For a nineteen-year-old, Jimi Tents isn’t shy. The opening moment of Elmer Fudd mixes a Looney Tunes sample with Chris Rock, so the opening line is: “Be very, very quiet… I’m hunting black people!”
And then Jimi asks, “If a body drop in the hood, and no one around, does it make a noise?” overtop of a kinetic beat. By the end of the song, he’s answered his own question, but it’s a provocative thought process.
Most of the songs on 5 O’Clock Shadow, which is a seven-song EP that feels as long as a full-length, deal with Tents growing up in the hood. This is East Coast hip hop though; it sounds nothing like the hood Dre grew up in. One spin of The Way (Intro) clears up any misconceptions; Jimi Tents isn’t hear to sound like one of his heroes. A melancholic bass line walks him onto the record, and that melancholy stays with him.

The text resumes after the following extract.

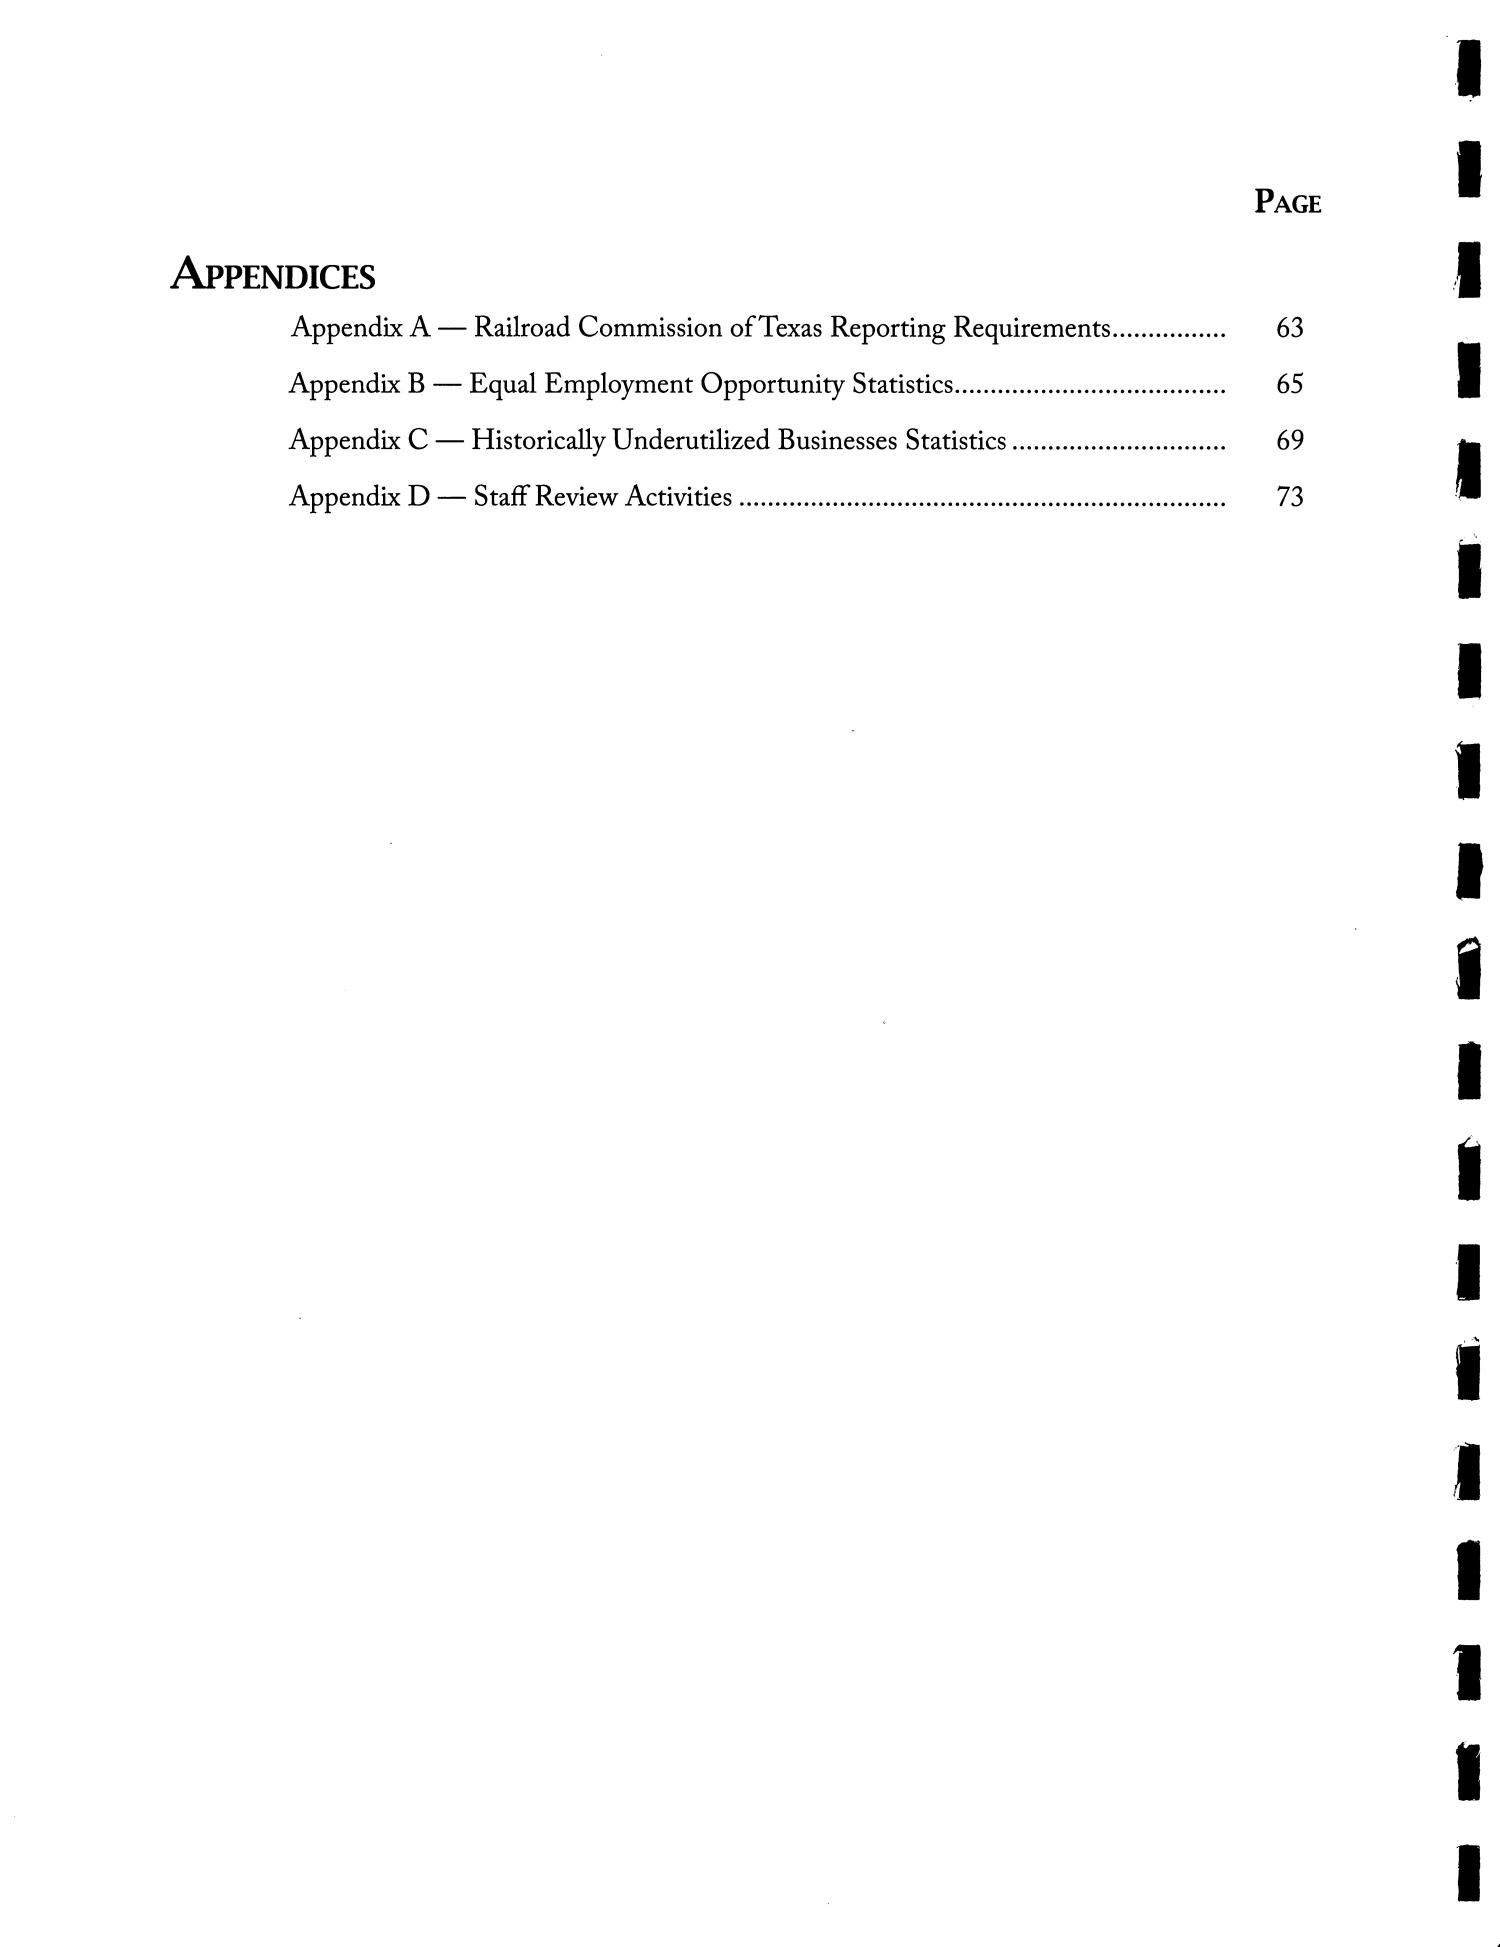 Staff Report with Final Results: Railroad Commission of Texas
                                                
                                                    Table Of Contents

That melancholy suits his voice, which reminds me in some ways of the baritone sound of The National’s Matt Berninger. Both of them sound positively morose sometimes, almost like Leonard Cohen. For Tents, this is a sound uniquely his own in hip hop. There’s nobody else in New York who sounds like this, and I’ve read some comparisons to Kendrick.
Should’ve Called and Landslide (the most upbeat track here) feature the strongest rapping on the record. Tents’ flow is impeccable, but it’s interesting that he doesn’t often spit that way. As a rapper, he’s more interested in songs like Elmer Fudd and Jazzy, which slow the genre down and let him ask these introspective questions.
The questions lack some of the depth that the leaders in the genre carry. Elmer Fudd is a great track, but listening a second time doesn’t bear repeated revelations about growing up in the hood. 5 O’Clock Shadow isn’t the sound of a landmark rap record, but rather the sound of a rapper coming into his own and being confident in his own voice.
Jimi Tents’ debut EP is a pitch to hear more from Jimi Tents later. The pitch is successful enough that I vote we just give him a seat at the table.